Durchschnittlich im Alter von 3 Jahren werden viele der betroffenen Kinder und Jugendlichen laut einer im Bilanzbericht dargestellten Studie erstmals missbraucht, wobei ein breites Spektrum an Gewalterfahrungen zu berichten ist. Besonders oft erfolgt schwere sexuelle Ausbeutung durch Kinderprostitution (67%) und Kinderpornografie (65%). Mehr als 24% wurden Opfer von Menschenhandel. Neben wiederholten Vergewaltigungen durch mehrere Täter/innen (85%) wurden häufig auch Nahtoderfahrungen (86%) und erzwungene Gewalt gegen andere Menschen (68%) genannt. 
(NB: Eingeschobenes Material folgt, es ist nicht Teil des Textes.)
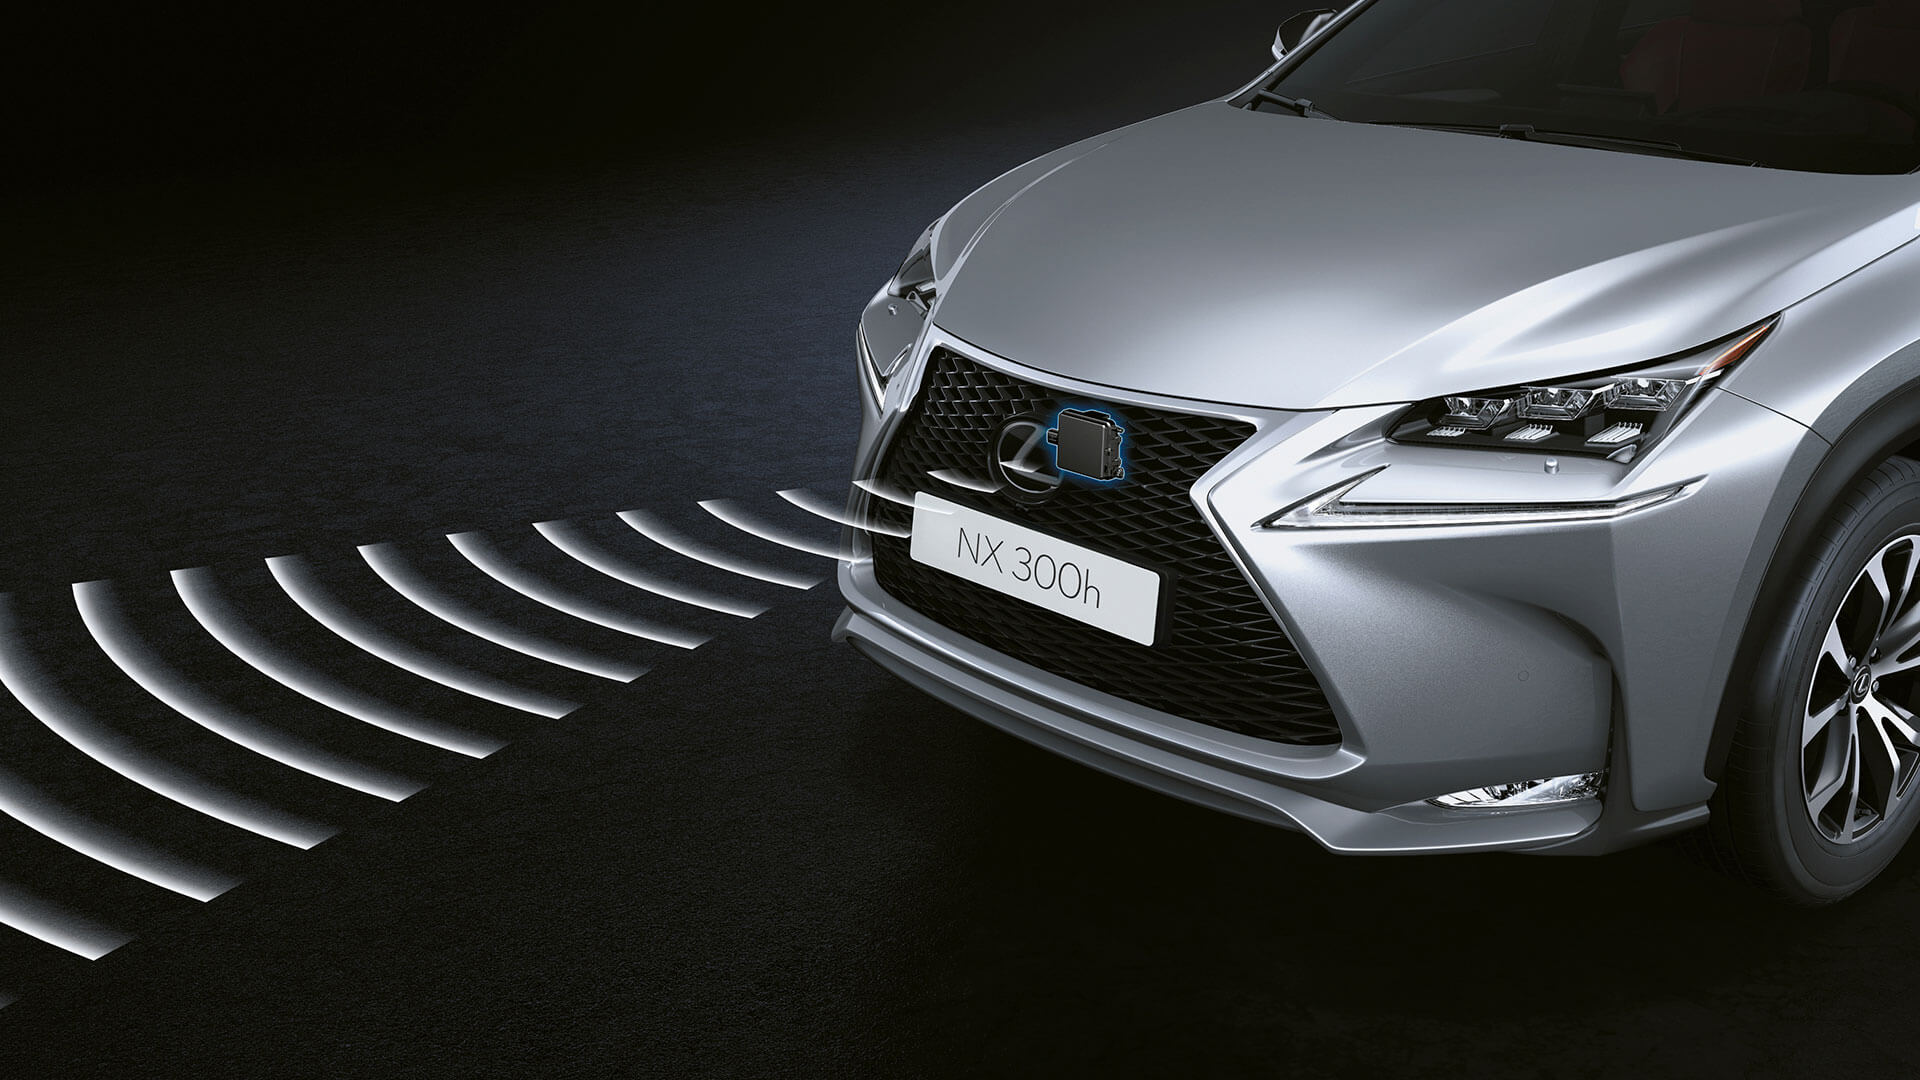 2017 lexus nx 300h features adaptive cruise control

Sexueller Kindesmissbrauch in organisierten rituellen Strukturen
Quelle: „Organisierte und rituelle Gewalt in Deutschland“ I S. 251
Folgen des Kindesmissbrauchs in organisierten rituellen Strukturen 

Die Betroffenen brauchten laut Nick et al. im Durchschnitt mehr als 24 Jahre, bis sie über das Erlebte sprechen konnten. Mehr als 91% der Teilnehmer/innen der Befragung bestätigten, dass infolge der frühen und wiederholten Gewalt dissoziative Persönlichkeitsanteile entstanden sind. Dabei gab mehr als die Hälfte an, dass diese Persönlichkeitsanteile von Täter/innen über Gewaltanwendung gezielt erzeugt wurden. Entsprechend häufig (85%) seien eine Komplexe posttraumatische Belastungsstörung (KPTBS) und die Dissoziative Identitätsstörung (DIS; 84%) diagnostiziert worden.

Einen Ausstieg haben bis dato 57% der Studienteilnehmer/innen geschafft. Polizei und Justiz wurden dabei nur von 1% als hilfreich erlebt.